These results are in contrast to the results obtained for adsorption of human IgG onto PEVA hollow fiber membrane-linked histidine, where the same coupling mode method was used by Bueno et al. (1995). In their work, the Langmuir model could be used to explain the adsorption pattern of the equilibrium data, and the Scatchard plots indicated that the adsorption of human IgG onto this PEVA support obeys the Langmuir isotherm at 25° C (linear plot). The value obtained for n (1.05) from the Hill plot proved that there was no cooperativity due to protein-protein interaction for this system.

Analysis of adsorption using the Freundlich model also indicates that the fit was inadequate to describe adsorption equilibrium data for IgG on both adsorbents studied (correlation coefficient of 0.964 and 0.962 for GMA and His-GMA, respectively). To overcome this inadequacy the Langmuir and Freundlich models may be combined to give the composite Langmuir-Freundlich equation (Andrade, 1985; James and Do, 1991; Jiang and Hearn, 1996; Sharma and Agarwal, 2001). Good fits were obtained for IgG adsorption using this model (variance equal to 2.82 and 1.15 and correlation coefficient equal to 0.993 and 0.992 for GMA and His-GMA, respectively) (Figure 2c and Table 1). Furthermore, the model was able to account for the sigmoidal shape of the experimental profile, which was probably due to cooperative interactions (Sharma and Agarwal, 2001). The contribution of hydrophobic and protein-protein interactions is manifested in the alteration of the isotherm shape from Langmuirean to sigmoidal. Values of n > 1 for both adsorbents (n = 3.24 and n = 2.00 for GMA and His-GMA, respectively) indicate positive cooperativity in binding (attractive force due to lateral interactions) and the heterogeneous nature of the adsorption. Cooperativity depends on the macromolecular nature and the multiple functional groups, which usually result in multiple interactions.

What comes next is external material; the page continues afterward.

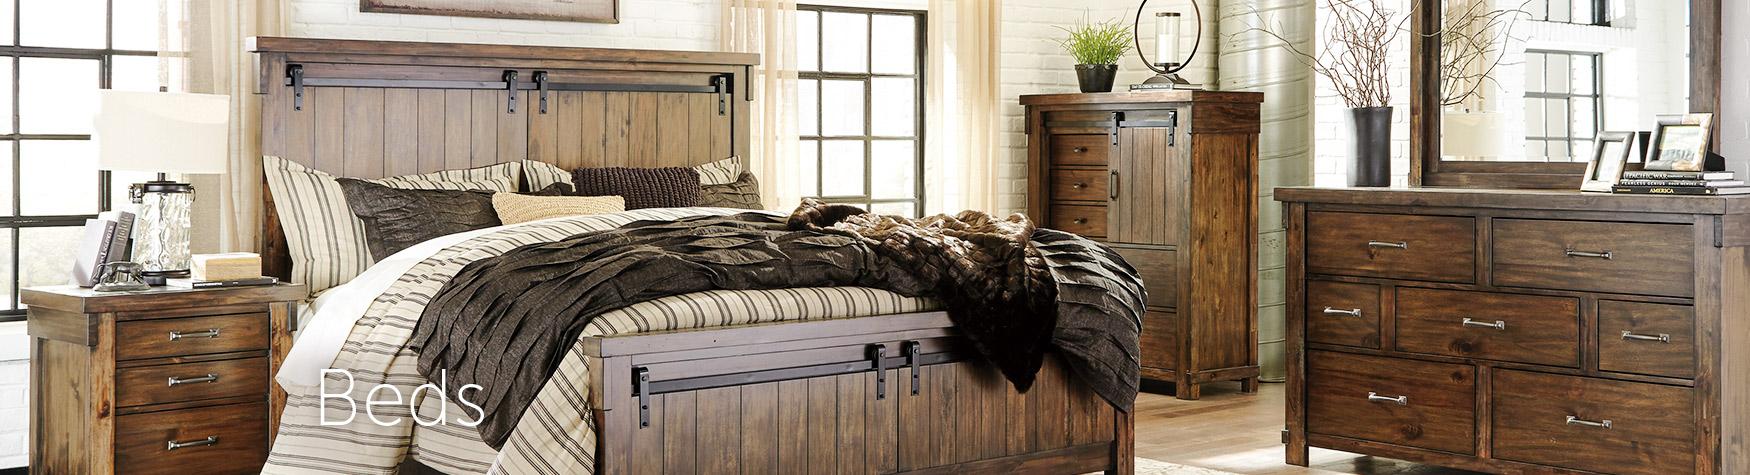 beds-banner.jpg

The values for the apparent dissociation constant for the Langmuir-Freundlich model were of the order of magnitude of 10^-4 and 10^-5 M. The K_d for human IgG reported previously for PEVA hollow fiber membranes (Bueno et al., 1995) and for different flat sheet membranes (Mandjiny and Vijayalakshmi, 1993) with immobilized histidine were of the same order of magnitude (10^-5 M). These values for K_d indicate a medium affinity between IgG and adsorbents (Vijayalakshmi, 1989).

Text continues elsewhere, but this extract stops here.